My Lords, I rise briefly to place on record the full support of the Opposition for this amendment. I hope that the Government will accept its spirit, if not the precise wording, today. It seems to set the final stone in the arch, as it were, of the construction of the Supreme Court. It clearly makes sense and I endorse entirely the observations of noble and learned Lords, the noble Lord, Lord Pannick, and my noble friend Lord Bach.
My Lords, I am minded of the fact that during the dinner break one of my noble friends remarked how cold the House had become given that we are in the winter months. I hope that some of my words may warm the temperature spiritually if not physically. Before I deal with the substance of what has been laid in front of us, I assure the House that Her Majesty’s Government fully and utterly respect the independence of the judiciary, and that there is no question of our duty to uphold that independence.
As the noble Lord, Lord Pannick, has alluded to, and as many noble Lords will recall, this House considered what are now Sections 48 to 50 of the Constitutional Reform Act 2005. Then, as now, the concern was how the court’s independence might be maintained following the Appellate Committee of the House of Lords transition into the UK Supreme Court. Several noble Lords have already made strong arguments as regards the current situation. I am not here to revisit arguments that have been raised historically. However, the Government retain a fundamental concern with regard to accountability and proper lines of accountability which need to be established so that the elected Government are responsible for the proper fiscal and managerial operation of the court.
The noble Lord, Lord Pannick, my noble and learned friend Lord Mayhew and the noble and learned Lord, Lord Goldsmith, who was the Attorney-General, made very specific points about the challenges faced by the Lord Chancellor in appointing the chief executive, and the fact that a chief executive appointed by the Lord Chancellor has two masters in effect—one judicial and the other ministerial—and, as was argued, this breaches the principle of the separation of the Executive and the judiciary.

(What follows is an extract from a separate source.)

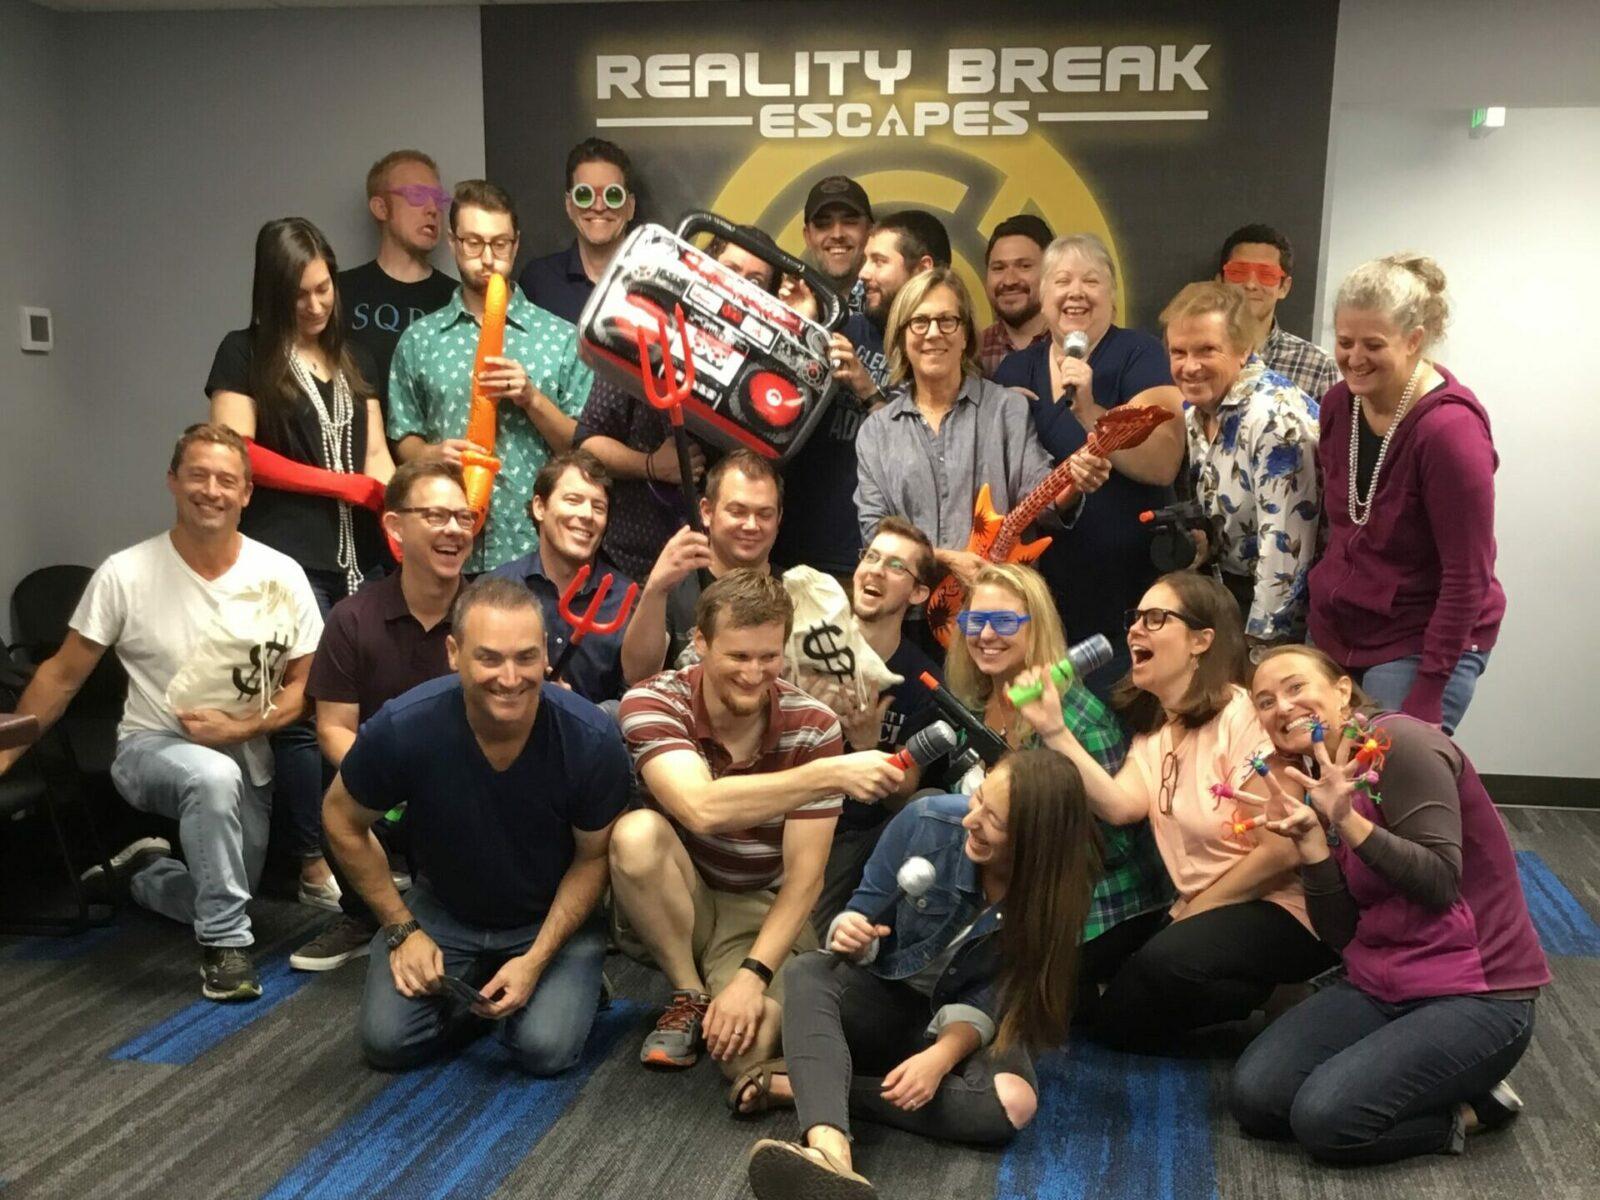 Reality Break Escapes

As I have said, the Government will listen to the arguments and have an open mind on the issue. As the noble Lord, Lord Pannick, alluded to, we are indeed engaging with the Supreme Court in order to consider the impact of this arrangement and of the amendment as tabled, and to resolve any concerns it may have about its independence and how this might best be preserved. However, it is our considered view that this constitutional change should not be rushed and that the Government and the Supreme Court should continue to discuss and consider together how any reform may be taken forward.
Reference has been made to Third Reading. I cannot at this time give an absolute concrete assurance from the Despatch Box, which I am sure noble Lords will appreciate, as to whether we will have concluded our consultation with the president of the Supreme Court, but these discussions are of course ongoing.
In lieu of these comments, I hope that the noble Lord, Lord Pannick, will be content to withdraw Amendment 112A on the understanding that this is a live issue which is being looked at, and which has been raised directly with the president of the court.